Additionally, there is a new phenomenon in play that baffles me and
commands my attention. In a country fraught with racial tensions, economic woes
and (ugh) political campaigns we now seem to market shootings as if they were
reality TV. Not to be outshined by these horrible news-events turned
entertainment, our political leadership, incumbent and prospective, use the opportunity
of human tragedy to posture and push their agenda. I find the rancor repugnant.
I still want to believe America is better than all this, that she has value
other than what self-advancement we can squeeze out of divisiveness…. Maybe
that day is done, so let’s just have Hillary and The Donald duke it out on
American Ninja Warrior. It’s what we want anyway.

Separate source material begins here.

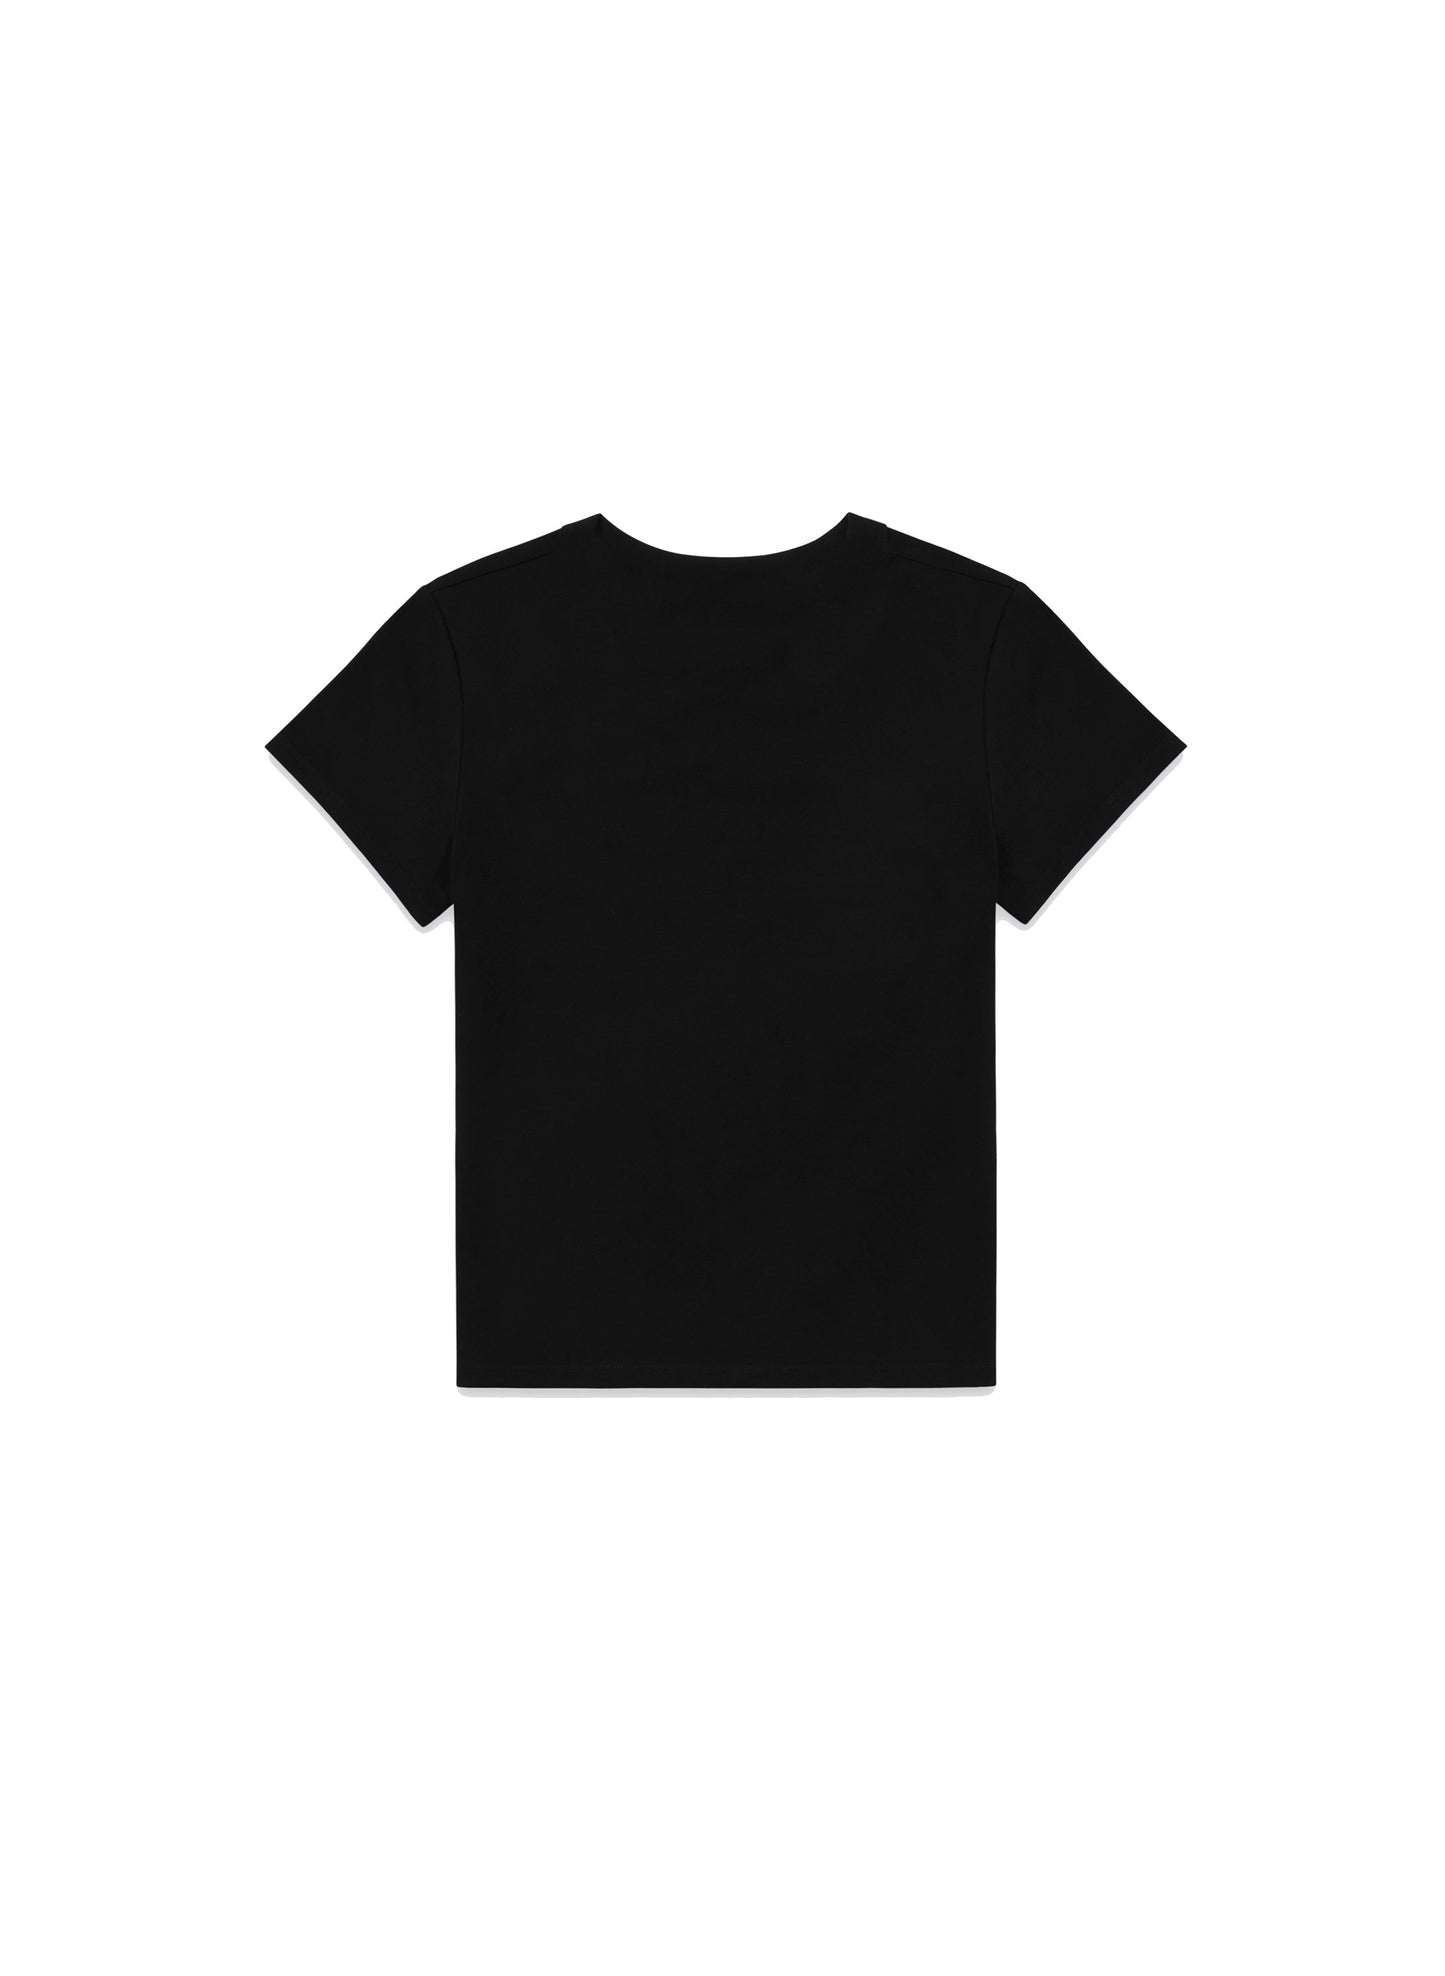 Taglioni Logo T-shirt in Black

On May 7 Joshua Brown lost his life as his Tesla, at full highway
speed, drove under a tractor semi-trailer pulling across the road. Brown was
operating the vehicle in “autopilot” mode, which is a technological pit-stop
before we hit full car automation. This technology allows the car to maintain
lane, speed and brake as required during highway cruise. NHTSA and Tesla both
still have this incident on the half-shell, but it has been assumed the car
didn’t brake itself as it didn’t recognize the light colored trailer against
the bright sky. To little contrast for it to differentiate the threat.
Tesla reiterates that that the driver is ultimately responsible for the
car’s (or technology’s) usage. Yes, and as a manager I am responsible for the
performance of my assigned employees. This doesn’t mean I think out every move
they make or control every event of their day. I “trust” that they understand
their tasks and that they will involve me if they don’t. I put someone in place
to perform a task, so I let them perform it. Likely regardless of what legal
releases Mr. Brown signed at the dealership, this was his understanding of his
car’s technology as well. He trusted it would do what it was designed to do.
Back to the cost: So here we have a situation where an individual mistakenly
entrusted a technology with a critical task to the loss of his own life. By his
reasoning and past experience, the car would do what it had to do, go down the
road and leave him out of the mix. NHTSA’s most recent published records are
2014 data, but in that year 32,675 people lost their life in automotive accidents.
About 90 funerals a day. By way of contrast, in 2013 (CDC’s latest stats),
11,208 people lost their lives due to firearms in our 50 states; this data
includes malicious intent, accidental and defensive loss of life.
And here’s the rub; Automotive
or firearm causes, these people lost their lives; often through no fault of
their own, or sometimes due to poor choices… sometimes just being in the wrong
place at the wrong time. I suspect a husband
or wife, mother or father, son or daughter feels no less grief regardless of
the cause of their loved one’s death. The tears don’t suddenly evaporate as
they exclaim “oh, it was only a car”! Automotive deaths don’t drive TV ratings
or make viable campaign fodder I guess.
Automated cars will bone up their act one day, getting more proactive,
less prone to failure and “safer”. But regardless how automated and “safe” they
get, there will still be deaths. People will use them; with all the poorly
informed decisions that go along with personhood. We may not care for the
answer, but ultimately Tesla is right, we alone are responsible for how we use
the technology. So regardless of the technology, let’s use it responsibly.